Father John Misty: the millennial Randy Newman
Anyone who says that the golden age of songwriters is slipping away isn’t really looking hard enough. Although some of the biggest names in songwriting aren’t finding their way onto the pop charts, artists like Phoebe Bridgers and Adrienne Lenker are still carrying on the same tradition that everyone from James Taylor to Joni Mitchell to Jackson Browne had started all the way back in the 1970s. But even after half a century has passed, Father John Misty seems to be picking up where Randy Newman seemed to leave off.
Before we do a deep dive into the good Father’s discography, it’s important to look at the kind of songwriter that Newman was. While he was known to be more self-deprecating about his own voice than most critics would have been, it didn’t matter as long as he had the songs to back him up.
And when he did open his mouth, he held back absolutely nothing when tearing into anything that was pissing him off at the time. ‘Short People’ is already a great look at what bigotry makes people look like, and it would have been dangerous enough for someone to release a song like ‘Rednecks’ today, let alone in the golden age of 1970s AM radio gold.
If there was any possibility of getting more blunt, Father John Misty has toed up to that line more than a few times. Even though some of his music sounds absolutely gorgeous on records like Pure Comedy, this is not fun by any metric. Misty is singing about how the world will one day end and writing the kind of lines that would make Werner Herzog tell him to lighten up, and yet it still sounds like one of the greatest songs that 1977 never spat out.

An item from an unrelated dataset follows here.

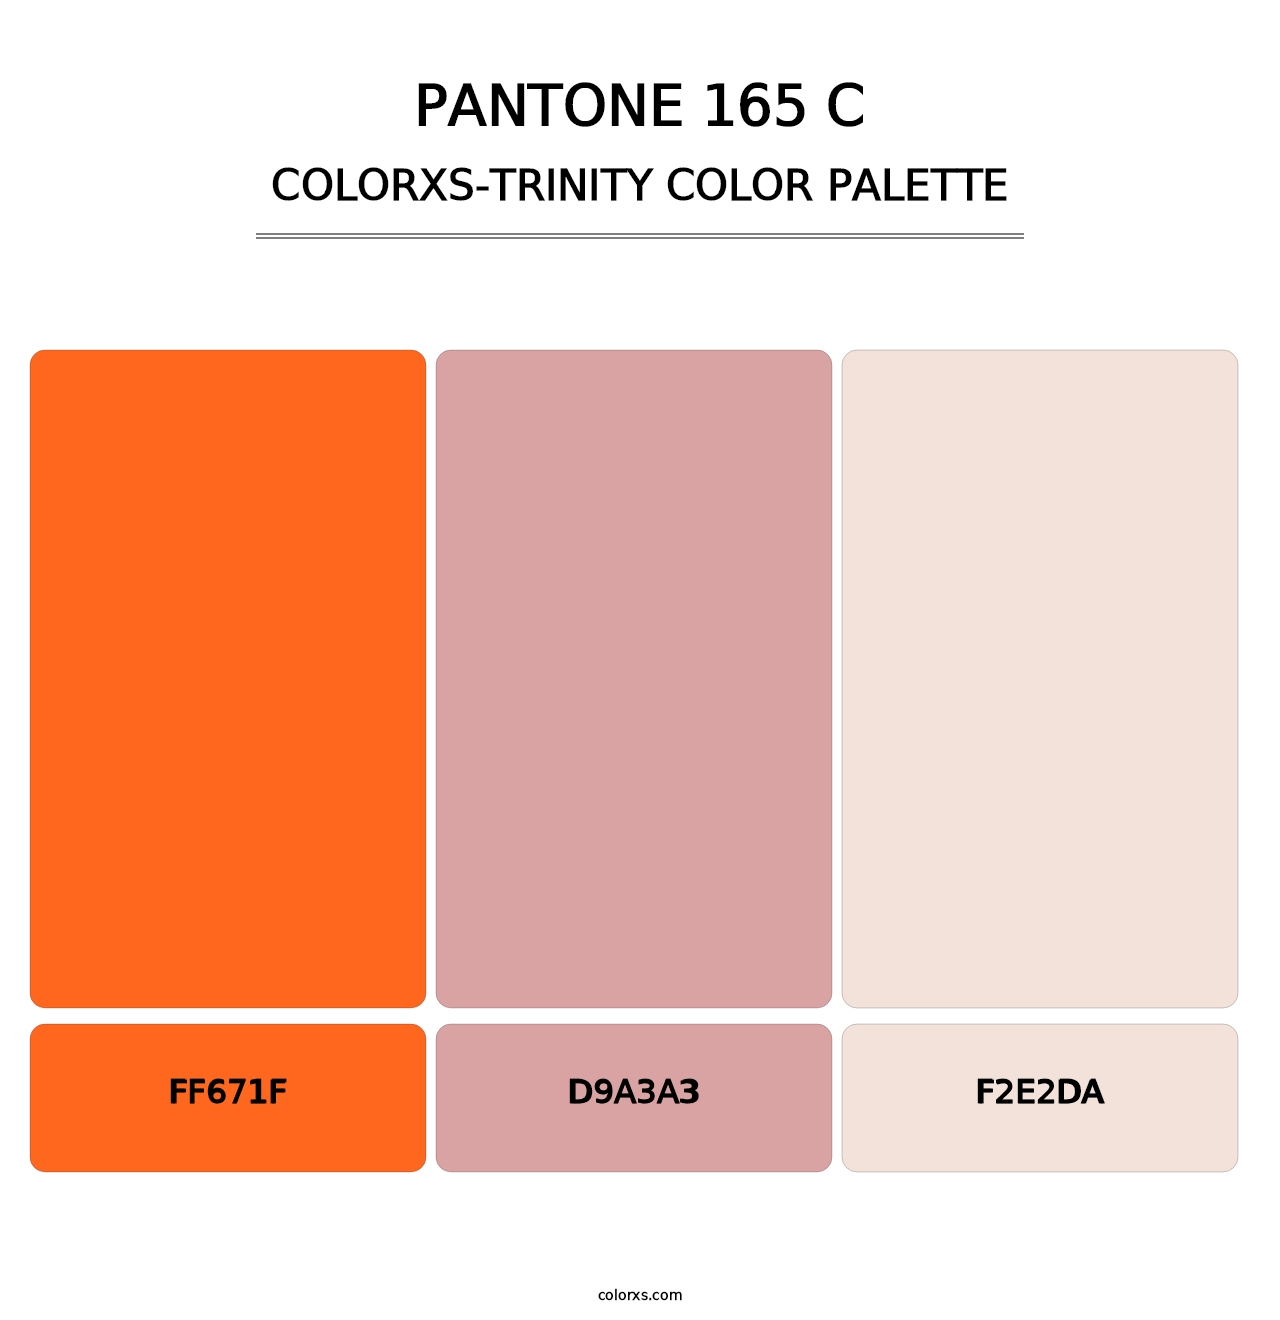 PANTONE 165 C - Colorxs Trinity Palette

However, if Newman was talking about the terrors of modern cultures in the 1970s, Misty sees everything from a millennial perspective in his respective songs. In every one of his songs, fans get a good look at all of the emotional torment that most people keep under wraps, whether that’s the raw sting of the ‘War on Terror’ or the advances in technology that make people all the more terrified with each passing day.
Although Newman and Misty would have probably benefited from getting a hug more than a few times in their personal lives, it takes more than cynical talk to get people interested in their music. It all has to come from a genuine place, and what both Misty and Newman lack in subtlety, they make up for in their respective eras’ most beautiful love songs.
Even though some of them are still bittersweet tales of romance, there’s no doubt that every one of them will be just as passionate as the cynical tunes. No one can stay in that negative headspace forever, but when talking about romance, there’s a certain way for both of them to twist their words around to make something as relatable as it is heartbreaking.
Despite most folk stars using a handful of chords to get where they need to go, their back catalogue also shows an impressive range of musical theory. Newman’s history working with jazzy players has made his album sophisticated takes on rock and roll, and while Misty had more extravagant arrangements, hearing him making slower tunes on Chloe and the Next 20th Century might be a preview as to where he’s going to be going later down the road.
While there’s a slim chance that Misty will go down the same route Newman went in and start making complete soundtracks to children’s movies, their blunt tunes aren’t written with the intent of making the audience miserable. It might be hard to sit through some of the harsh critiques about humankind, but the more people sit with it, the more they pick up on one simple rule: you have to go through that uneasiness to appreciate the beauty of the world.